= John Pidgeon (writer) =

William John Gilmour Pidgeon (1 March 1947 – 19 July 2016) was a British journalist, author, music historian, radio producer, comedy executive and crossword compiler.

==Early life and career==
One of three children, Pidgeon's parents were Frederick "Joe" Pidgeon, an engineer in the civil service, and Margaret Rawson. He was born in Carlisle, Cumberland, and brought up in Downley, a village in Buckinghamshire. While a pupil at the Royal Grammar School, High Wycombe, his time there overlapped with Ian Dury and Roger Scruton. He studied French at the University of Kent and undertook postgraduate Film Studies under Thorold Dickinson at the Slade School, where his writing career began with a review of Carry On Henry for the British Film Institute's Monthly Film Bulletin. An uncredited script for a BBC 2 Film Night special on pop movies followed, and in July 1972 he began a weekly film guide for New Musical Express.
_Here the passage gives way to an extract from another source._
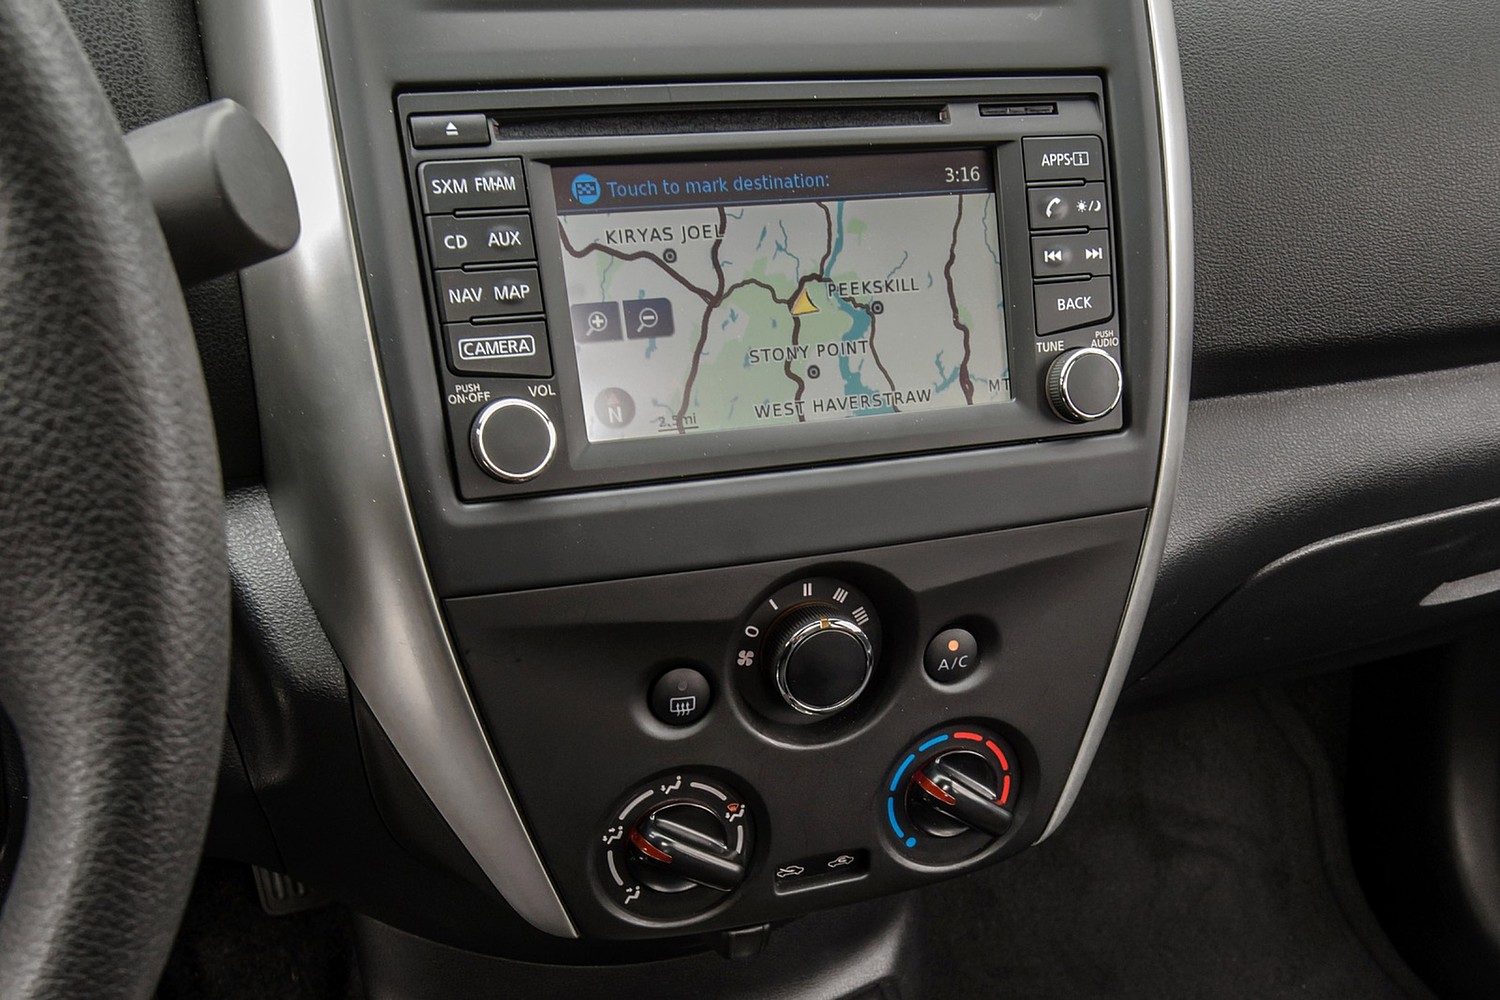 Nissan Versa 1.6 SL Sedan Center Console (2015 model year shown)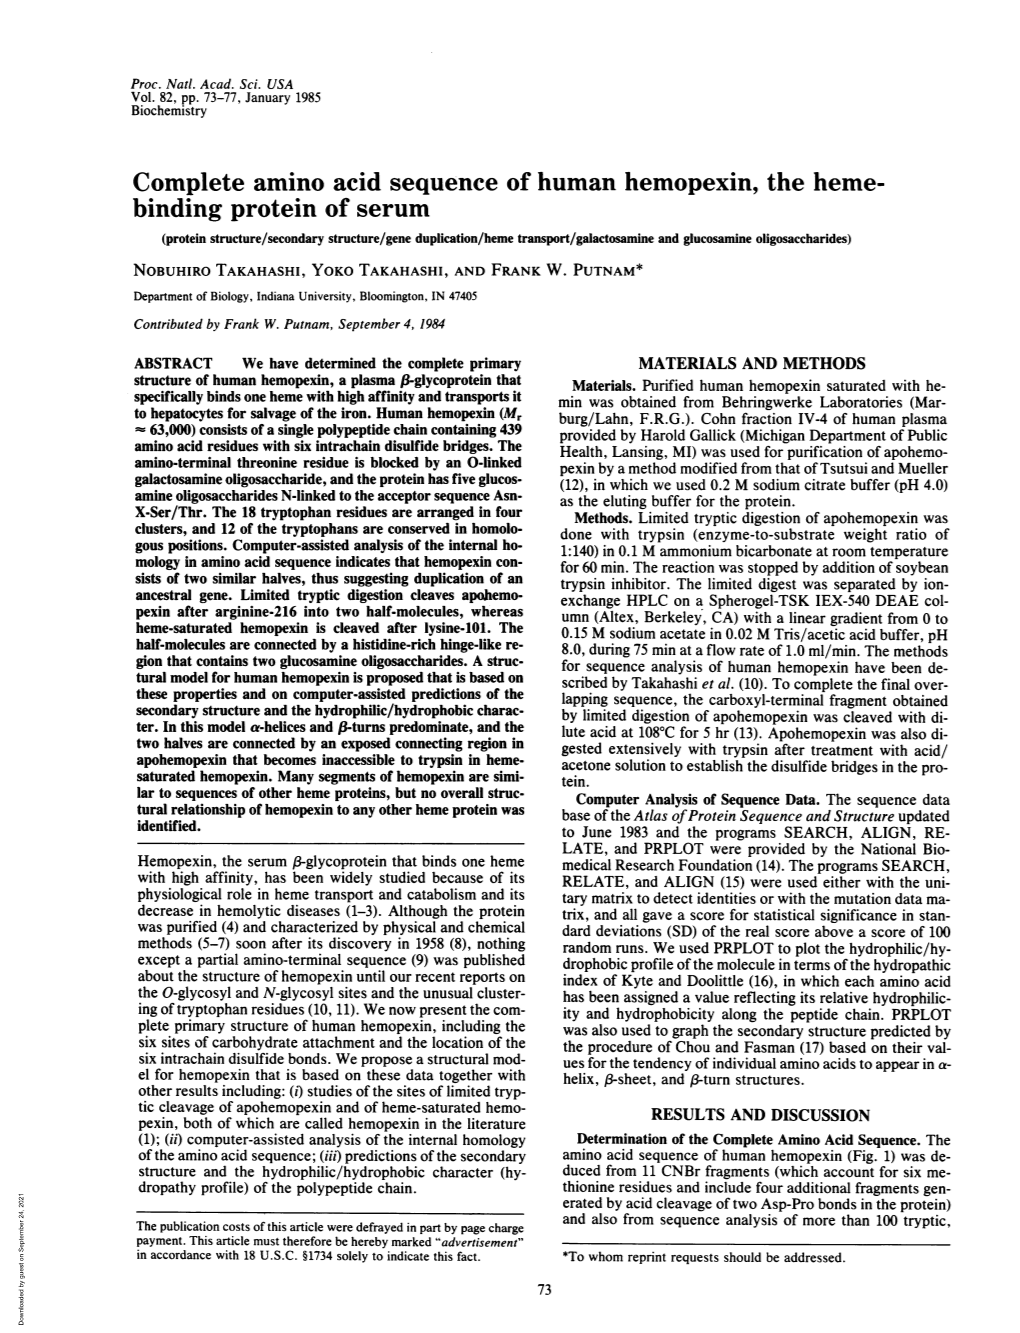 Complete Amino Acid Sequence of Human Hemopexin, the Heme

==Music writing and radio==
Around the same time he was invited to join the team about to launch Let It Rock magazine by Charlie Gillett, who subsequently recommended him as a scriptwriter for BBC Radio 1's The Story of Pop. In December 1972, he joined The Faces' road crew for the band's UK tour in order to write a roadie's diary, which appeared in Let It Rock and America's Creem magazine. His association with the band led not only to 1976's Rod Stewart and the Changing Faces, a book which Paul Gorman has suggested "broke the mould in terms of music books in the 70s," but to a songwriting partnership with keyboard player Ian McLagan. A Backpages Classics Kindle edition of Rod Stewart and the Changing Faces was published in 2011.

In 1973 he took over as editor of Let It Rock, while continuing to write for NME and script documentaries for Radio 1. He wrote a "savagely readable" novelisation of Slade in Flame, which paid scant attention to the screenplay and was withdrawn from sale at cinemas where the film was shown in 1975 for its bad language and explicit violence. Slade's Noddy Holder nevertheless called it "a great book", suggesting John "must have been around the scene for quite a while, he knows a hell of a lot." Then, drawing on his teenage experiences of the British R&B scene for early material, John became the first biographer of Eric Clapton.

An occasional contributor to Time Out, for whom he interviewed his football hero Stan Bowles, Pidgeon followed editor Richard Williams to Melody Maker, where he championed The Police,
 accompanying the trio on their first US tour, as he did almost 30 years later during their reunion.

By the end of the decade, Pidgeon was back in radio, making documentaries and special programmes for Capital Radio, whose Head of Music was The Story of Pops producer Tim Blackmore. Pidgeon devised two long-running series – Jukebox Saturday Night and The View From The Top – for disc jockey Roger Scott, and when Scott moved to Radio 1 in 1988, he devised Classic Albums, which he and Scott produced as the network's first independent production. After Scott died of cancer in October 1989, Richard Skinner took over as presenter, and more than fifty programmes were aired around the world.

==Radio comedy==
Having produced and written sketches for Capital's Brunch, the first programme on British radio to use the zoo format, whose regular performers included Steve Coogan, Angus Deayton and Jan Ravens, he broadened his radio output with comedy documentaries and four series of Talking Comedy for BBC Radio 2 which featured Bill Bailey, Harry Hill and Graham Norton.

In 1999, Pidgeon was approached by the BBC to run Radio Entertainment, which he did for six years, nurturing Dead Ringers, Flight of The Conchords, Little Britain and The Mighty Boosh during his time in charge. He was appointed a Fellow of the Radio Academy in 2003 and chaired the Perrier Panel in Edinburgh in 2005.

One of Pidgeon's first recruits to Radio Entertainment was Danny Wallace, then a recent graduate, who quickly became a trainee producer. In 2008, asked who in the media he most admired and why, Wallace answered, "Jonathan Ross for pioneering and quick wit. Terry Wogan for reassurance and warmth. And John Pidgeon, my mentor at the BBC – a finer and more creative man you're not likely to meet."

==Crossword compiler==
In 2010, Pidgeon fulfilled a long-held ambition, when he began compiling crosswords for The Daily Telegraph, where his Toughie puzzles are attributed to Petitjean. According to one contributor to Big Dave's Crossword Blog, "I always consider that I need to put a ‘slightly mad’ hat on in order to solve a Petitjean crossword." His last Toughie (his 74th) appeared on 7 July. His cryptic and quick puzzles on the back page of the newspaper first appeared in March 2011 and the 87th and last was published at the end of June 2016.

== Collections ==
The University of Kent holds material by Pidgeon as part of the British Stand-Up Comedy Archive. The archive comprises audio-visual material, including radio interviews with comedians and published recordings of shows.